In my house we went straight to the food.
We were all about savory and tasty.
I grew up with two parents who read recipe books like novels.
They would read, take the recipe apart and serve up wonderful meals.
When I meet Louise I learned to bake.
Cooking was not her thing.
Opening cans or boxes- throwing a piece of meat on the grill would be the highlight of the meal but she could out bake anyone I knew.
I had to learn through her that you did not take apart these recipes and you followed directions.
If it says sift you sift.
If it says soft butter, use soft butter- not melted.
It also taught me how to wait.
Baking takes times.
Now my trick is to take one day to mix several doughs and another to bake.

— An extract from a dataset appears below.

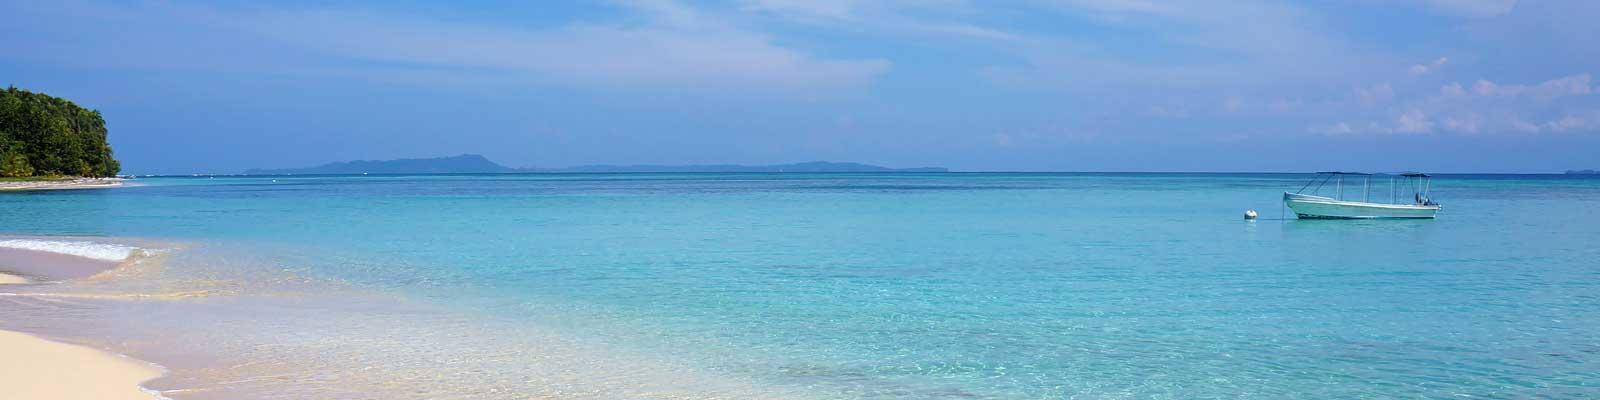 Panama Tranquilo Mar Azul
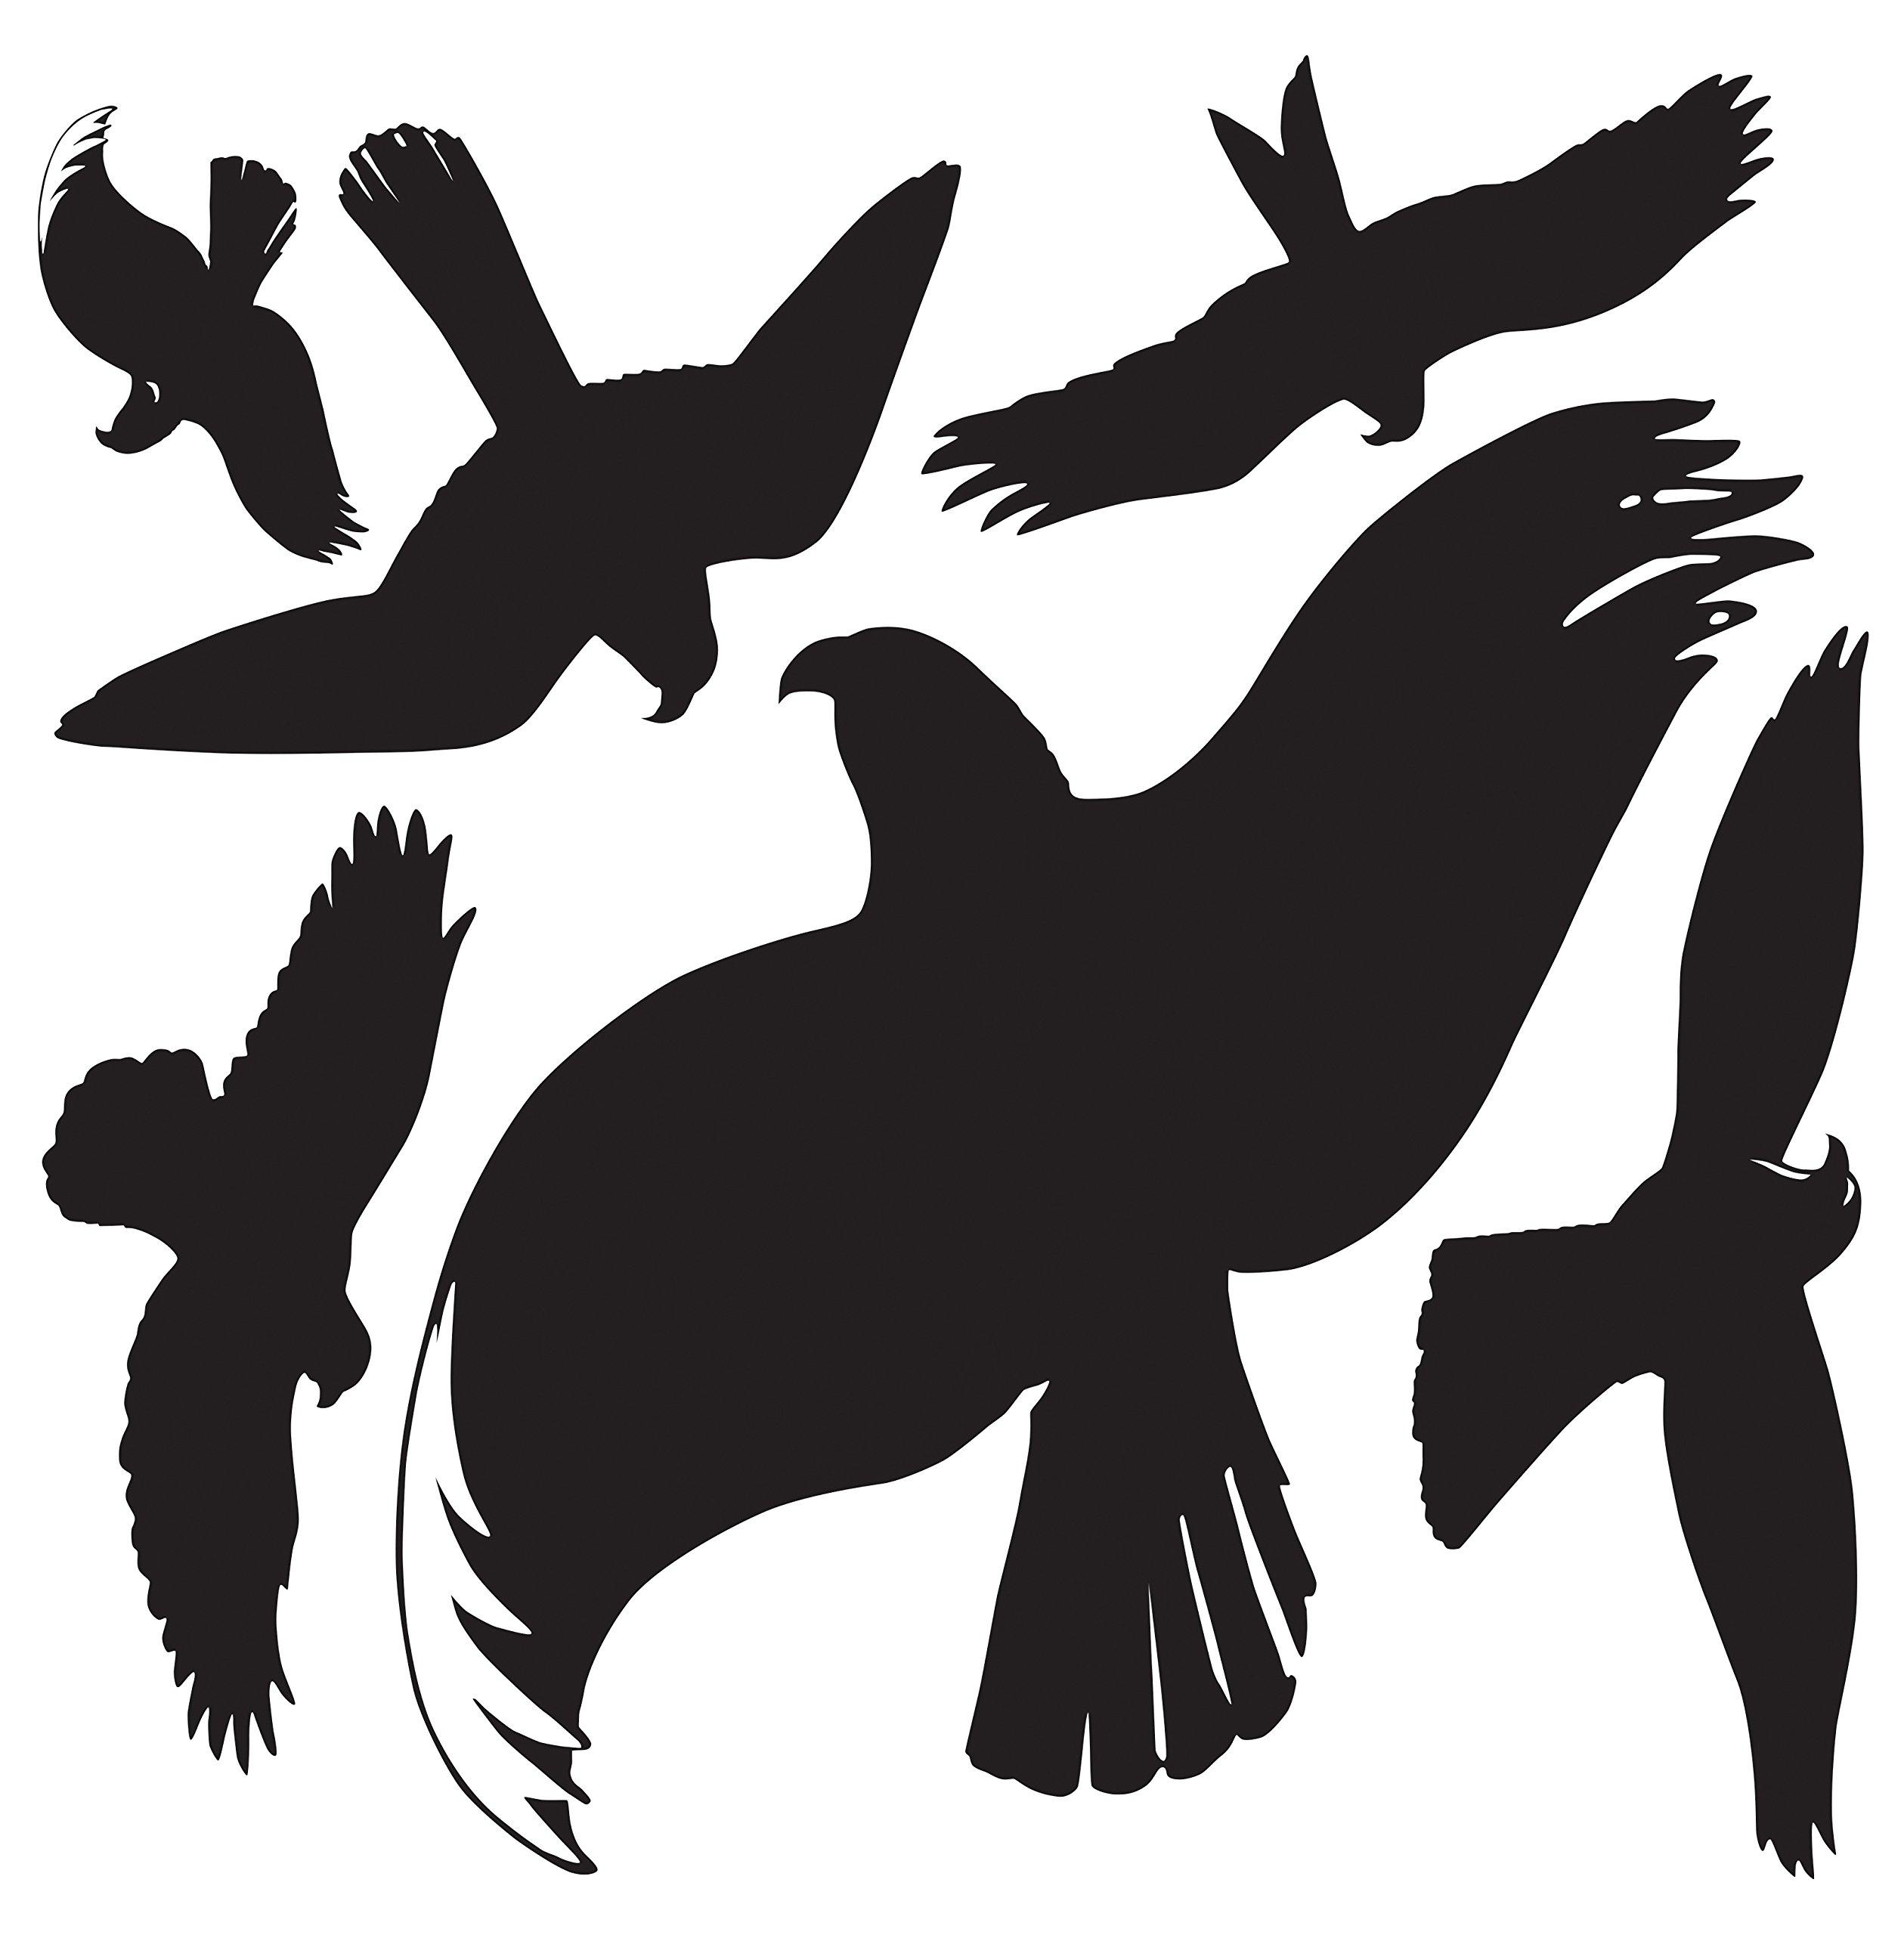 Avery Zweckform 4485Warning Birds Black (Foil) 6Stickers Black by Avery Dennison (Image #2)

So here you go- two of my tried and true cookies from Louise
Oatmeal Cookies
mix together thoroughly
1/2 cup soft butter
1 1/4 cup sugar
2 eggs
6 Tbs. Molasses
Sift and add to above mixture
1 3/4 cup flour
1 tsp. soda
1 tsp. salt
1 tsp. cinnamon
Stir in
2 cups oats
1/2 cup nuts
1 cup raisins
Drop in rounded spoonfuls 2" apart on a lightly greased baking sheet.
Bake 4oo* 8- 10 min
Cowboy Cookies
1 cup cooking oil
1 cup light brown sugar
1 cup white sugar
2 eggs
2 cups flour
1 tsp. soda
1/2 tsp. salt
1/2 tsp. baking powder
2 cups quick oats
1/2 cup nuts
1 cup chocolate chips
1 tsp. vanilla
Mix oil, sugar, and eggs and vanilla.
Add flour, soda, salt and baking powder.
(sift these together to get a good mix first)
Stir in oats, nuts, and chips.
bake 350* 10-12 min.
Louise and Our son Joel with his wife Katie- Christmas 2008
4 comments:
Telepathy again! I bought a box of oatmeal at the store on Sunday and was going to bake some oatmeal cookies today, but can't find my recipe. Now here you have posted a lovely one for me :) I'm sure it will be great, since I can't make it down there this weekend, I'll have to bake my own cookies.
My mom hated to bake but my Aunt Helen loved it. My Aunt Helen when to Antoinette Pope's school of baking in Chicago; so I learned how to bake out of Antoinette Pope's cookbook and I love it; plan on getting back into it more now that we have less to take care of. Your recipes look great. Now I just throw things together sometimes like my grandmother used to do with her baking powder bisquets - a pinch of this, a dab of that. ha.
It is funny that most bakers aren't evening meal makers. My mother in law used to make the Cowboy cookies -- only she called them Monster cookies. She could make the best biscuits or pie crust -- no measuring-- while carrying on a conversation with whoever was in the kitchen. Amazing!
I'm an evening meal maker -- rarely bake - but wish a baker lived close by . . . .
My mother and grandmother were both bakers, not meal makers (great term!) Mom would spend all day baking some new involved recipe that she found in a magazine and then be so uninspired and bored by having to cook a meal. I think I have inherited the tendency.
Having parents that read cookbooks like novels - very lucky.